• **What the task requires**
Range to reproduce from the entries below: the line with "Armani jeans Denim", the line with "A dentist CV", and every line in between. Give them exactly and give nothing else.

• **Data listing**

——

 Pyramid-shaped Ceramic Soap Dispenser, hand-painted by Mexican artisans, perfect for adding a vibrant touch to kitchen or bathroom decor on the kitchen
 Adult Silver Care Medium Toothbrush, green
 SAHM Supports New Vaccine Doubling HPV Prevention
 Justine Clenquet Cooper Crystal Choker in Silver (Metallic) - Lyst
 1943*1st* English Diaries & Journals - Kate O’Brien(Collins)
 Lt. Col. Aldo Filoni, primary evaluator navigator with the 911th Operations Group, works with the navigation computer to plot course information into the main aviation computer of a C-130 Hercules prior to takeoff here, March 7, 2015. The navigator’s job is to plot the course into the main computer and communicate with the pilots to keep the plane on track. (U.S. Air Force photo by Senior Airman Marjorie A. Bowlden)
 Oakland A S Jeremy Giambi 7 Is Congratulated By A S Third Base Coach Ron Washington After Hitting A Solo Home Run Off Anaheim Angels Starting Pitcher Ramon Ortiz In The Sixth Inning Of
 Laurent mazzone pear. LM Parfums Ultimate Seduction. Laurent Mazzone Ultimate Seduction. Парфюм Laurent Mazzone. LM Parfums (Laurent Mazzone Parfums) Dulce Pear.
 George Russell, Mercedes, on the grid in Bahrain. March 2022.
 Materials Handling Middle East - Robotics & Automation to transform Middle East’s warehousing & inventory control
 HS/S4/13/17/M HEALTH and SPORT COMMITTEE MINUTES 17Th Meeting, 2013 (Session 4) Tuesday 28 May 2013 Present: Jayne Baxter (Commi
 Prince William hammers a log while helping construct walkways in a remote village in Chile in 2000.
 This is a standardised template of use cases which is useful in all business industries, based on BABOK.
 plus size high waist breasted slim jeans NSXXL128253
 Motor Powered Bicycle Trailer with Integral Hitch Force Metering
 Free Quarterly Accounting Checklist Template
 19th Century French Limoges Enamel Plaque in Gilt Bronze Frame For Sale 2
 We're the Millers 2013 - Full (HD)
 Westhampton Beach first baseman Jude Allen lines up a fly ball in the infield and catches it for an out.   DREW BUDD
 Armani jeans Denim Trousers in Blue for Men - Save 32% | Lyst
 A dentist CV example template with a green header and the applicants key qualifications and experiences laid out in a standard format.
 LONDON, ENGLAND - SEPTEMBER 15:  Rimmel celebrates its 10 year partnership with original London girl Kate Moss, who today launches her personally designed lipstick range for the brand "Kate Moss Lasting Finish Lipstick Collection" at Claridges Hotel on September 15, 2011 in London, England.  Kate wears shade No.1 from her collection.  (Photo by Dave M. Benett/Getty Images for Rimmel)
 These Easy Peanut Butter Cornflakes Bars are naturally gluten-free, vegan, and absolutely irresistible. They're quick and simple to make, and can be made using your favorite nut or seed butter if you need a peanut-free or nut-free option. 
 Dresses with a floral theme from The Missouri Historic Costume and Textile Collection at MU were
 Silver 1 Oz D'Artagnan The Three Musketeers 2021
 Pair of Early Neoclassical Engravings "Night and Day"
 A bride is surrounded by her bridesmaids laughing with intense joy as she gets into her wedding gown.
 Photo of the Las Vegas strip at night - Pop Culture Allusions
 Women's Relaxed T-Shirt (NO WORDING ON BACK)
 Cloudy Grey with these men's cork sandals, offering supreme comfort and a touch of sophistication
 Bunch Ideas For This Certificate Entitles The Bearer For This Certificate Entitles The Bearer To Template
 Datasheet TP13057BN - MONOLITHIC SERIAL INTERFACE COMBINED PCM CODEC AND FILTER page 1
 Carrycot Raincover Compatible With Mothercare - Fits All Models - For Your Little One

——

• **Solved exercise**
 Armani jeans Denim Trousers in Blue for Men - Save 32% | Lyst
 A dentist CV example template with a green header and the applicants key qualifications and experiences laid out in a standard format.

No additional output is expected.